Session: 627. Aggressive Lymphomas: Clinical and Epidemiological: Poster I
Hematology Disease Topics & Pathways:
Combination therapy, Therapies
TP53 has been identified as one of the most frequently altered gene in diffuse large B-cell lymphoma (DLBCL). The prognosis of DLBCL patients with TP53 mutations (TP53mut) was poor prognosis in R-CHOP era, even with treatments like autologous stem-cell transplantation (ASCT) or anti-CD19 chimeric antigen receptor T-cell (CAR-T) therapy. Moreover, TP53 mutations are more prevalent at relapse and are associated with therapeutic resistance. Selinexor is a selective inhibitor of nuclear export with promising anti-cancer properties and preclinical studies have shown its potential to suppress tumor cells with TP53 mutations. Several clinical studies proved selinexor in combination with R-GDP/R-ICE/R-Gemox was effective in relapsed/refractory DLBCL.
Method
The study enrolled relapsed/refractory DLBCL patients with TP53 alterations (including TP53 mutation and/or deletion) for treatment with selinexor in combination with salvage regimens (R-GDP/R-ICE/R-Gemox) since November 2021 in our center. The treatment was administered orally as 40 mg of selinexor on days 1, 8, and 15, combined with one of the following regimens: R-GDP (R 375mg/m2 d0, gemcitabine 1g/m2*d1, cisplatin 25mg/m2 d1-d3, dexamethasone 40mg d1-d4). R-ICE (R 375mg/m2 d0, ifosfamide 1.5g/m2*3d, carboplatin (AUC 5) and etoposide 100mg/m2*3d). R-Gemox ((R 375mg/m2 d0, gemcitabine 1g/m2*d1, oxaliplatin 100mg/m2*d1) every 3 weeks as per physician’s choice. Objective response rate (ORR) was evaluated every 3 cycles based on Lugano 2014 criteria and Adverse events (AE) were rated according to the NCI CTCAE 5.0.
Results
20 patients were treated with selinexor plus salvage regimen in this study and received at least two cycles of treatment, making them eligible for analysis. The median age of the 20 patients was 54 years (range 15 to 77), of this patients, 12 (60%) were male, 12 (60%) patients had disease stage III-IV at screening, and 45% with IPI>2. The median number of prior regimen was 1 (range, 1-4) with 2 patients (2 L) and 1 patient (3L). ALL patients were refractory to the last line of treatment. The patients received a median of three cycles (range, 2-6) of selinexor 40mg once a week combined with salvage regimen (13 patients received selinexor plus R-GDP, 6 with selinexor plus R-ICE and 1 with selinexor plus R-Gemox). The mutational profile of patients was presented in Figure A (14 patients with TP53 mutation, 5 patients with TP53 mutation and deletion, 1 with TP53 deletion).

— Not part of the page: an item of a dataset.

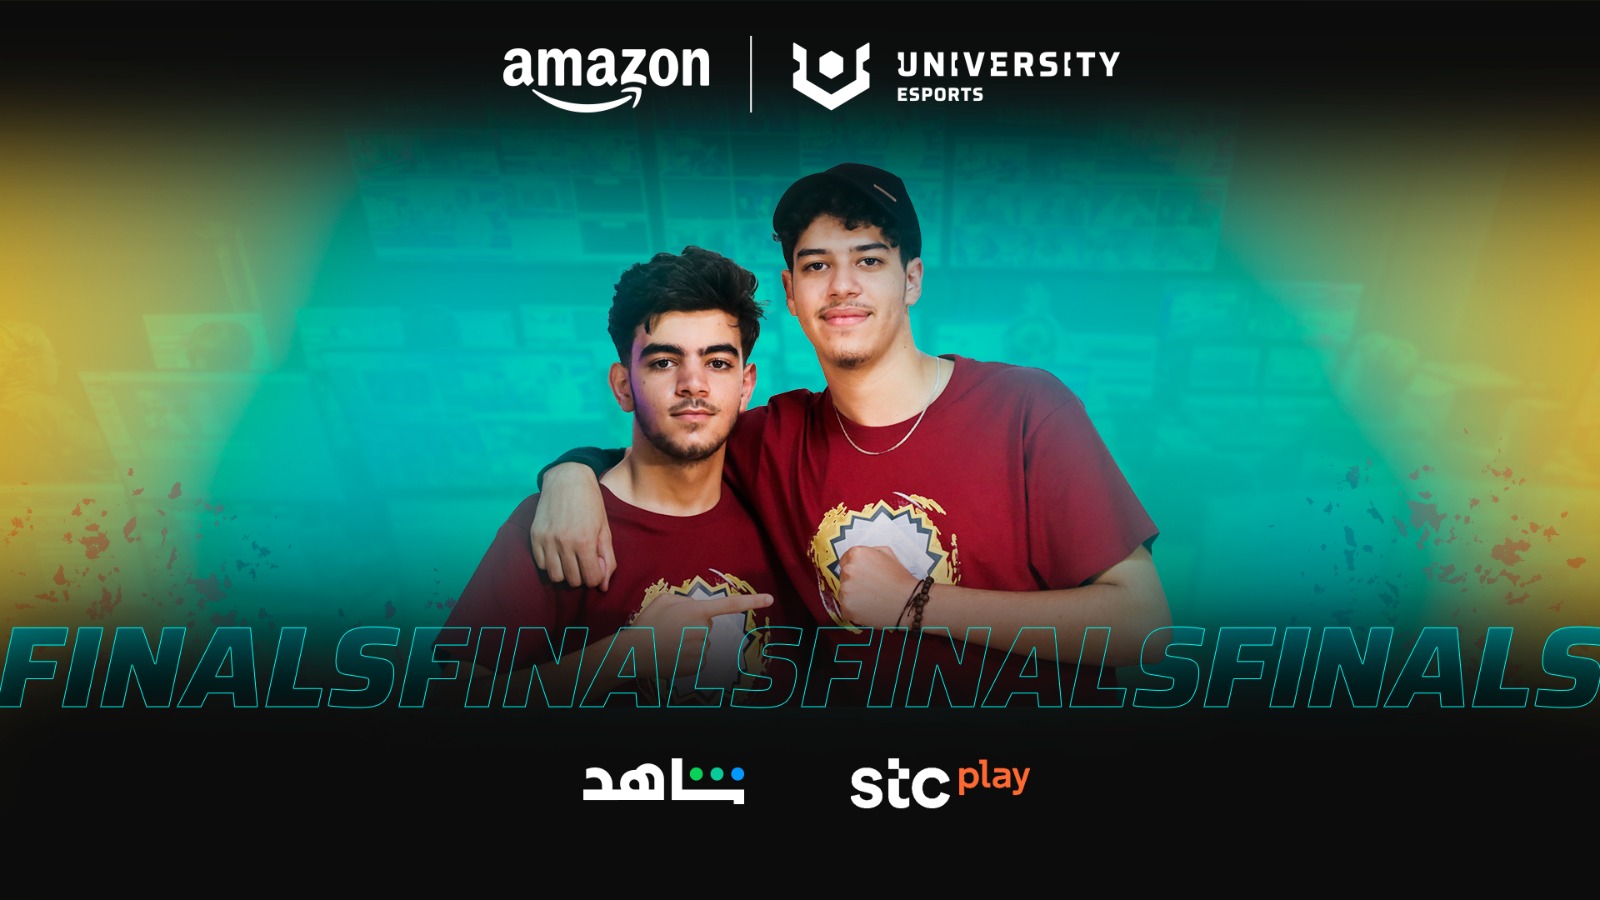 Amazon UNIVERSITY Esports competition Season 2 Spring Split concludes with more than 1,900 players from over 65 KSA universities

The best overall and complete response rates were 75% and 25%, respectively. Among them, 6 patients in PR and 1 patient in SD received CART treatment, and 5 achieved PR and 2 with CR after CART treatment (Figure B). One patient experienced PD after selinexor+R-GDP and died of disease progression within one month after CART transfusion. 1 SD patient transferred to CD3/CD20 bispecific antibody clinical trial and still progressed during the bispecific treatment. Taken together, selinexor-based salvage regimen had promising response rate in refractory DLBCL with TP53 alterations, and could be a potential bridging approach before CART therapy. Patients responded to selinexor-based regimen tended to have better outcome after CART or bispecific antibody treatment.
Conclusions
TP53 alterations are associated with poor outcomes in DLBCL. We identified an effective dosing schedule of selinexor (40mg QW) in combination with R-GDP/R-ICE/R-Gemox for TP53-altered refractory DLBCL patients. Further research is warranted to investigate the mechanism of action behind this treatment approach
Disclosures: No relevant conflicts of interest to declare.